Justin Trudeau’s F-35 Fighter Jet Acquisition Is a Miserable Circus

Justin Trudeau’s Liberals have chosen a worst-of-all-worlds approach to Canada’s fighter jet procurement process. Their decisions have wasted time and money, taken for granted the need for defense spending, and resulted in campaign promise reversals.

Lockheed Martin Corp.'s F-35 jet is unveiled in Fort Worth,

Lockheed Martin’s F-35 jet was unveiled in Fort Worth, Texas on July 7, 2006. (Mike Fuentes / Bloomberg via Getty Images)


After years of opposing the purchase of Lockheed Martin’s F-35 Lightning II fighter jets, Canada’s Liberal government has announced their intention to begin negotiations to purchase eighty-eight of the aircraft to replace the country’s CF-18 fleet. The about-face comes twelve years after the Conservative government of former prime minister Stephen Harper undertook, in principle, a sole-source contract to buy sixty-five of the fighters. The decision comes a further two and a half decades after Canada joined the F-35 Joint Strike Fighter development program. The move has drawn criticism from all quarters as a case study in waste, inconsistency, sleight of hand, and defense orthodoxy.
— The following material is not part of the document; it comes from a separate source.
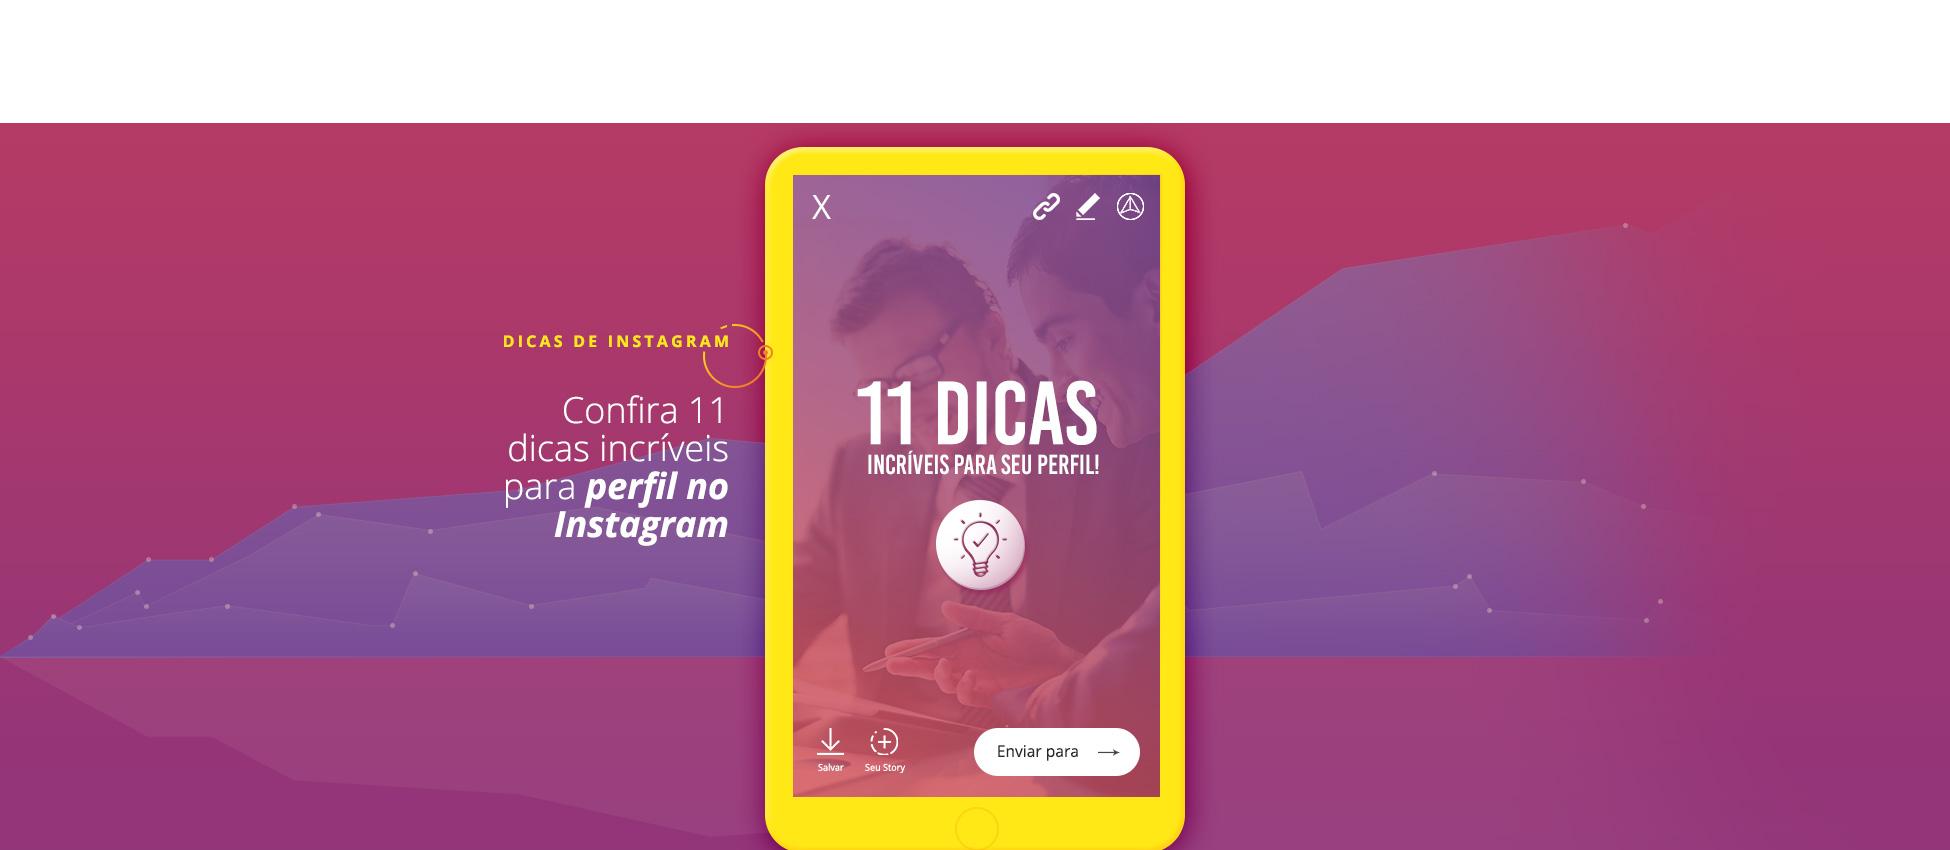 11 dicas para usar em perfil do Instagram

The Liberals either lied about buying the jets or broke a promise not to buy them. Whether you oppose or support their purchase, Justin Trudeau was elected in 2015 on an express promise to walk away from the F-35s and enter into “an open and transparent competition.” Along the way, there have been signs dropped that the promise was always an empty one, such as the flip-flop on the pledge to withdraw from the F-35 Joint Strike Fighter program. Nevertheless, as Mitch Heimpel writes in his “short history of our F-35 debacle,” the Liberal platform stated, “We will not buy the F-35 stealth fighter bomber.”
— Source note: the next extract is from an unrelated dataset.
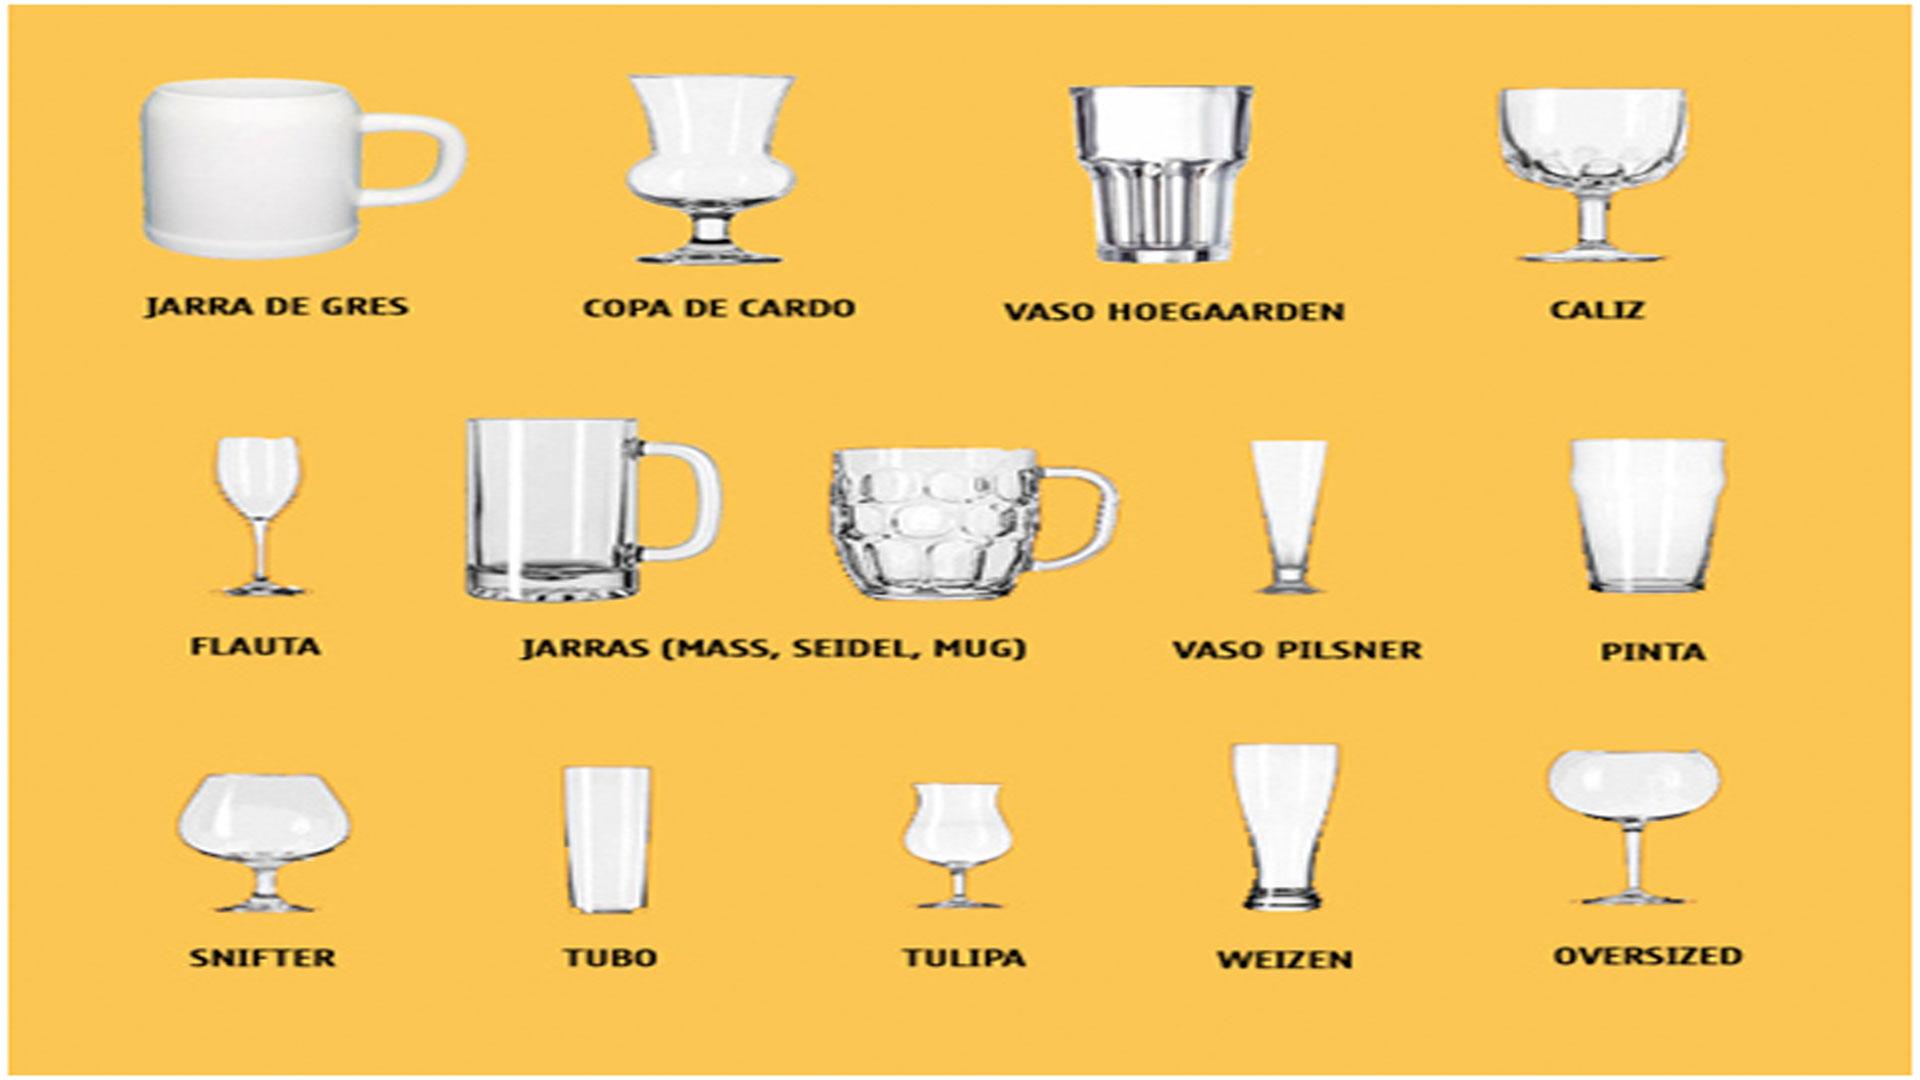 Los-diferentes-tipos-de-vasos-para-la-cerveza-1920

After their election win of 2015, the Liberals temporized, bought dodgy used jets from Australia, and began the procurement process anew before arriving back where they started — a journey from A to B and then back to A again. Except that the return to their starting position was marked by amendments allowing more money to be spent — an estimated but sure-to-climb $19 billion CAD — and, along the way, buying more jets than the Conservatives had planned to.